In the above flow, whether or not multi-photography is being performed and the playback refresh rate setting are determined after a request to start recording is made in S502, and the playback refresh rate is changed in accordance with the results. However, it is also possible to determine whether multi-photography is used or not and the playback refresh rate setting during shooting standby in the VFR recording mode, before accepting a request to start recording.

FIG. 6 is a diagram showing an example of a timing chart of each frame in multi-photography using two video cameras. Camera A of the two video cameras switches the frame rate to 120p while recording at a frame rate of 30p, and then switches the frame rate to 30p. On the other hand, camera B continues to record at a fixed frame rate of 30p. In the following description, 120p corresponds to the first frame rate, and 30p corresponds to the second frame rate. The first frame rate is an arbitrary frame rate using subframe information, and the second frame rate is an arbitrary frame rate using no subframe information. Therefore, the first frame rate is higher than the second frame rate.

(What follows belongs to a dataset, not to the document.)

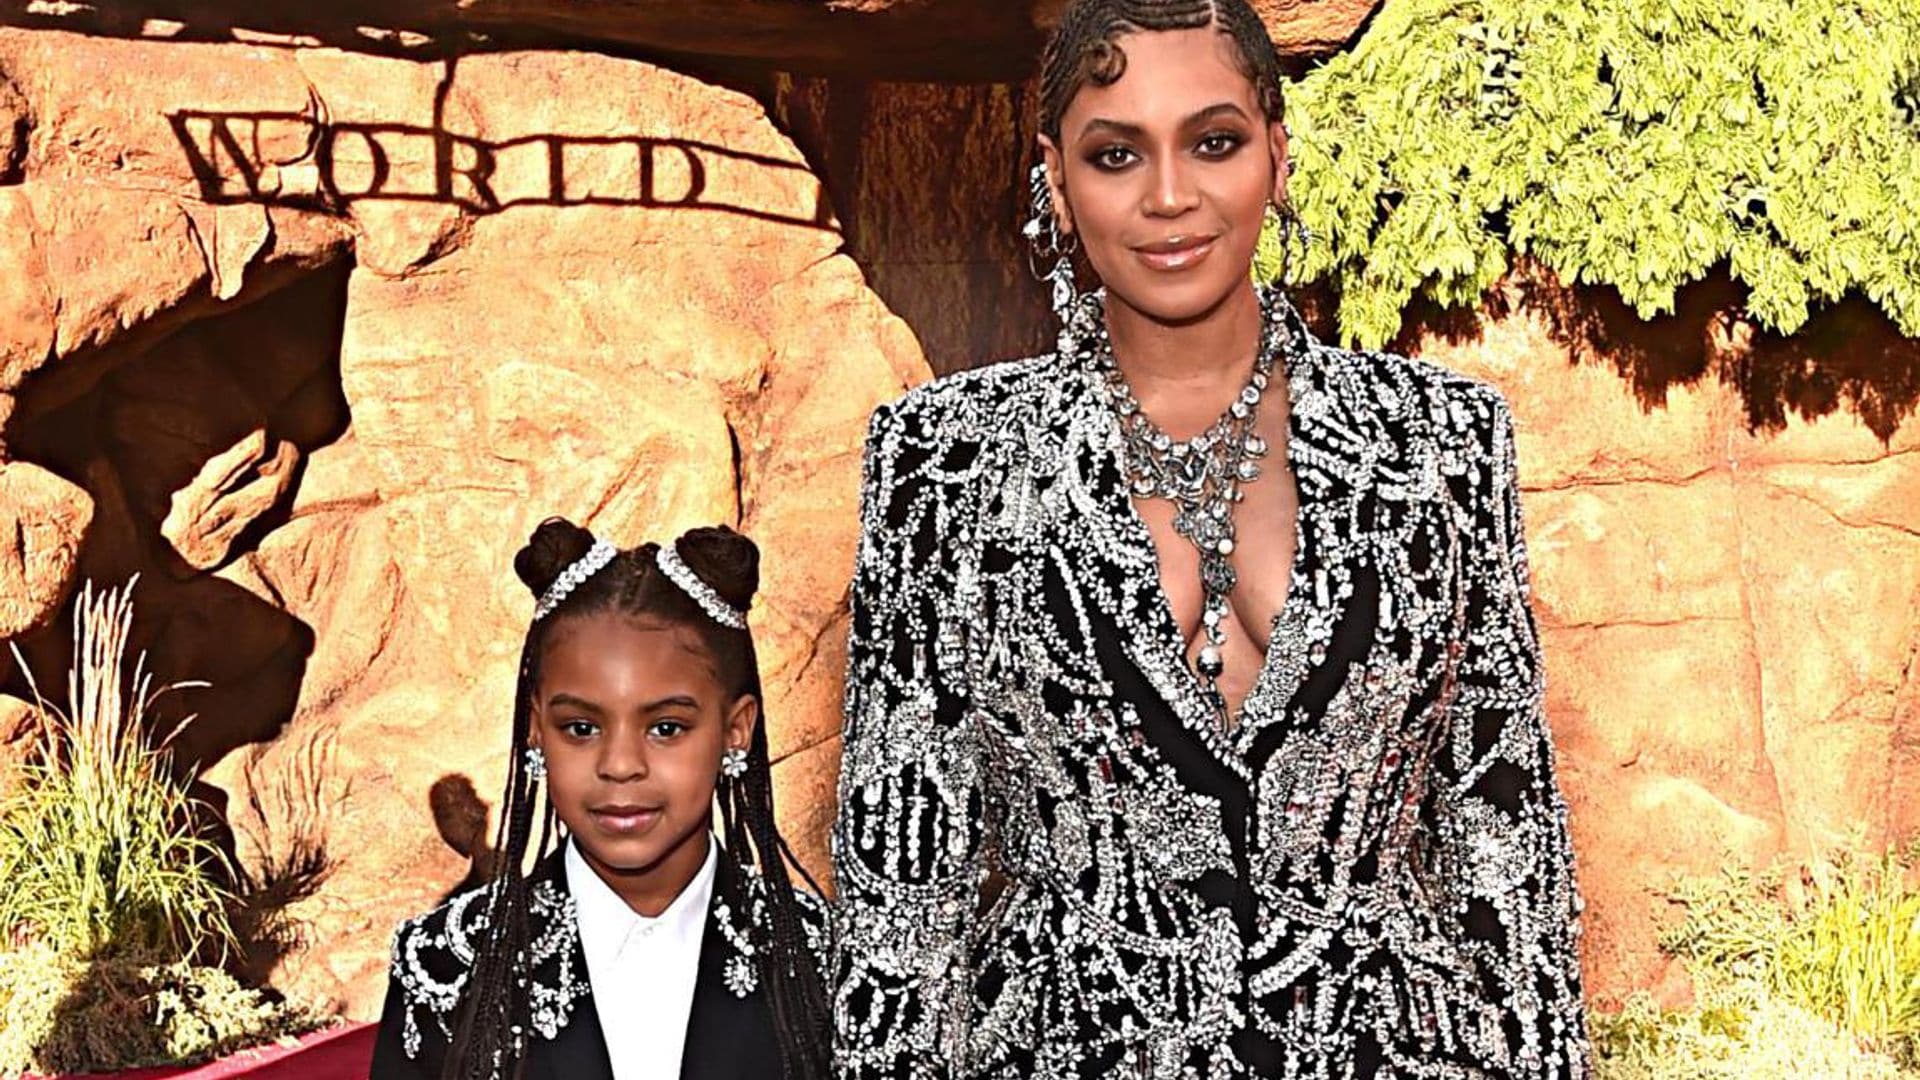 Beyoncé’s daughter Blue Ivy’s new exciting gig revealed

As shown in FIG. 6, camera A records frames A1 to A3 at a frame rate of 30p, and the time code is controlled using the reproduction refresh rate as VRR. Therefore, the time code is expressed in the order of hours, minutes, seconds, frames and subframes. The time code of the A1 frame is "00:00:00:00.0". Since the frame rate is 30p, the time code of the A2 frame is "00:00:00:01.0". Similarly, the time code of the A3 frame is "00:00:00:02.0".

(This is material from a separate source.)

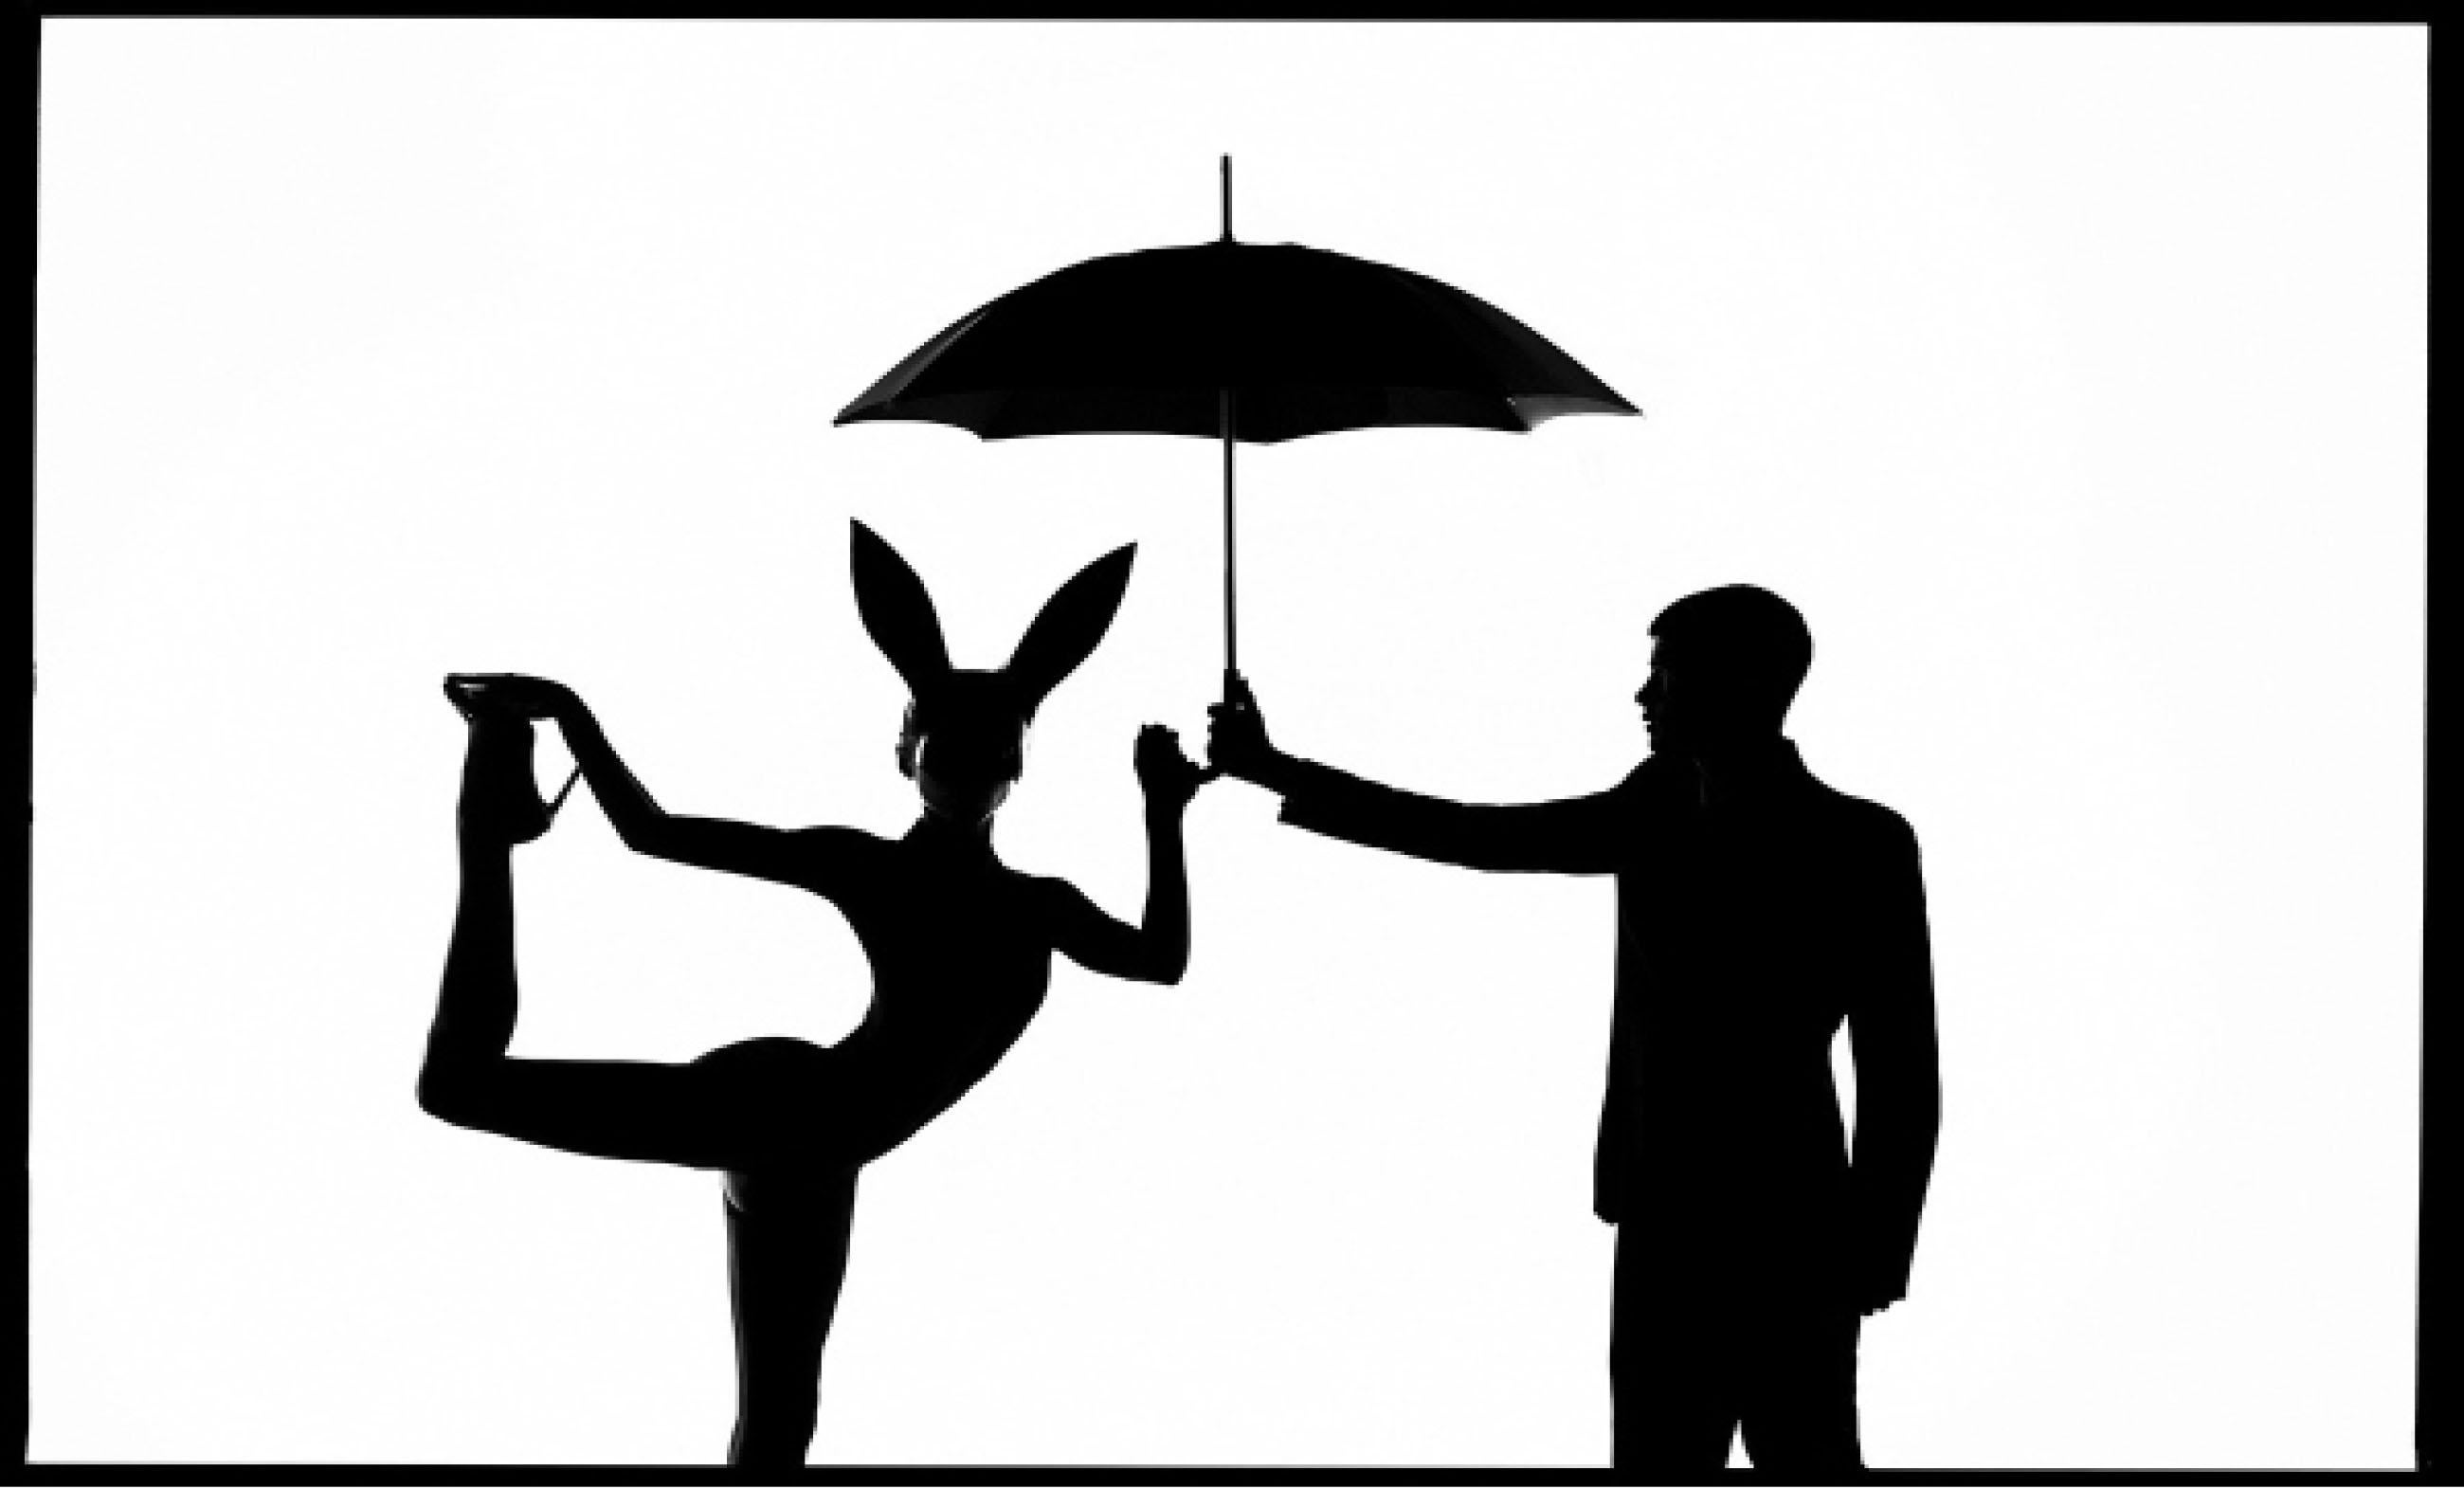 Tyler Shields - The Bunny and the Man, Photographie 2020, Printed After

Here, assume that while an A3 frame is being recorded, the user operates the input unit 107 to request a frame rate switch from 30p to 120p. In this case, the imaging unit 102 and the imaging signal control unit 109 control the A4 frame to be recorded at a frame rate of 120p. Since frames A4 to A11 are recorded at a frame rate of 120p, which is higher than 60p, time code subframes are used. The time code of the A4 frame is "00:00:00:03.0". The time code of the A5 frame is "00:00:00:03.1". The time code of the A8 frame is "00:00:00:04.0". Here, it is assumed that the user requests the input unit 107 to switch the frame rate from 120p to 30p at the timing when the A9 frame is being recorded.

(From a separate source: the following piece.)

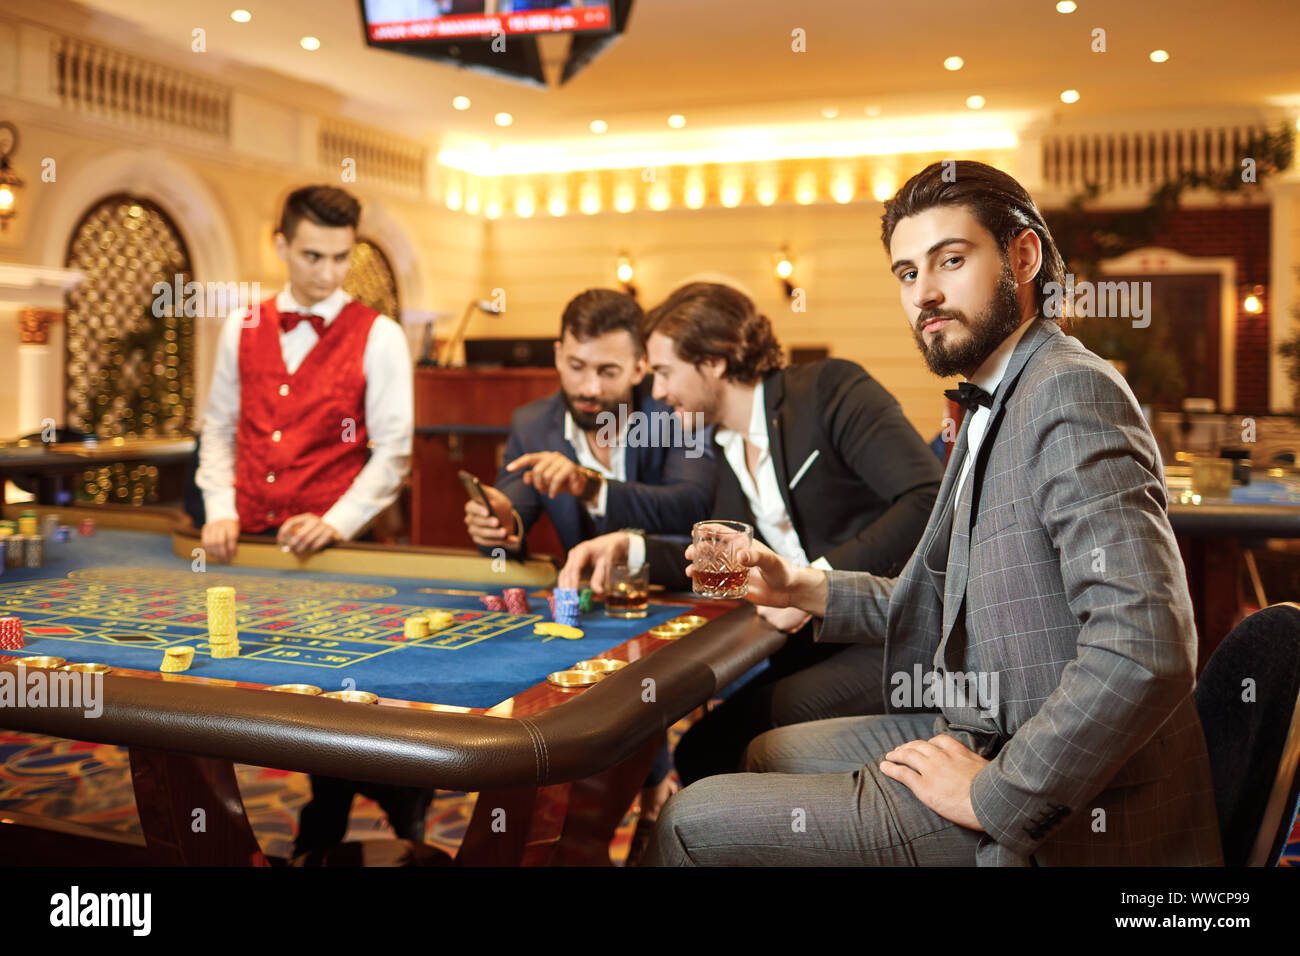 A man in a suit with a glass of whiskey sitting at table roulette playing poker at a casino. Stock Photo

The time code of the A9 frame is "00:00:00:04.1" and the subframe is "1". When the frame rate is switched from 120p to 30p at this timing, the frame rate becomes 30p from the A10 frame. In this case, when the recorded video data is played back by VRR, the time code changes from "00:00:00:04.1" to "00:00:00:05.0" from A9 frame to A10 frame. , it becomes impossible to maintain real time during VRR playback. Therefore, in the present embodiment, if there is a request to switch the frame rate from 120p to 30p while recording an A9 frame, the moving image control unit 110 controls the frame rate to be recorded at 30p from the A12 frame. In other words, if there is a request to switch to recording using subframe information while recording is being performed without using subframe information, the moving image control unit 110 will frame the frame at the timing when the subframe information becomes zero. Switch rates. This makes it possible to maintain real time during VRR playback. Further, since the frame rate of each frame after the A12 frame is 30p, the subframe of each frame remains zero.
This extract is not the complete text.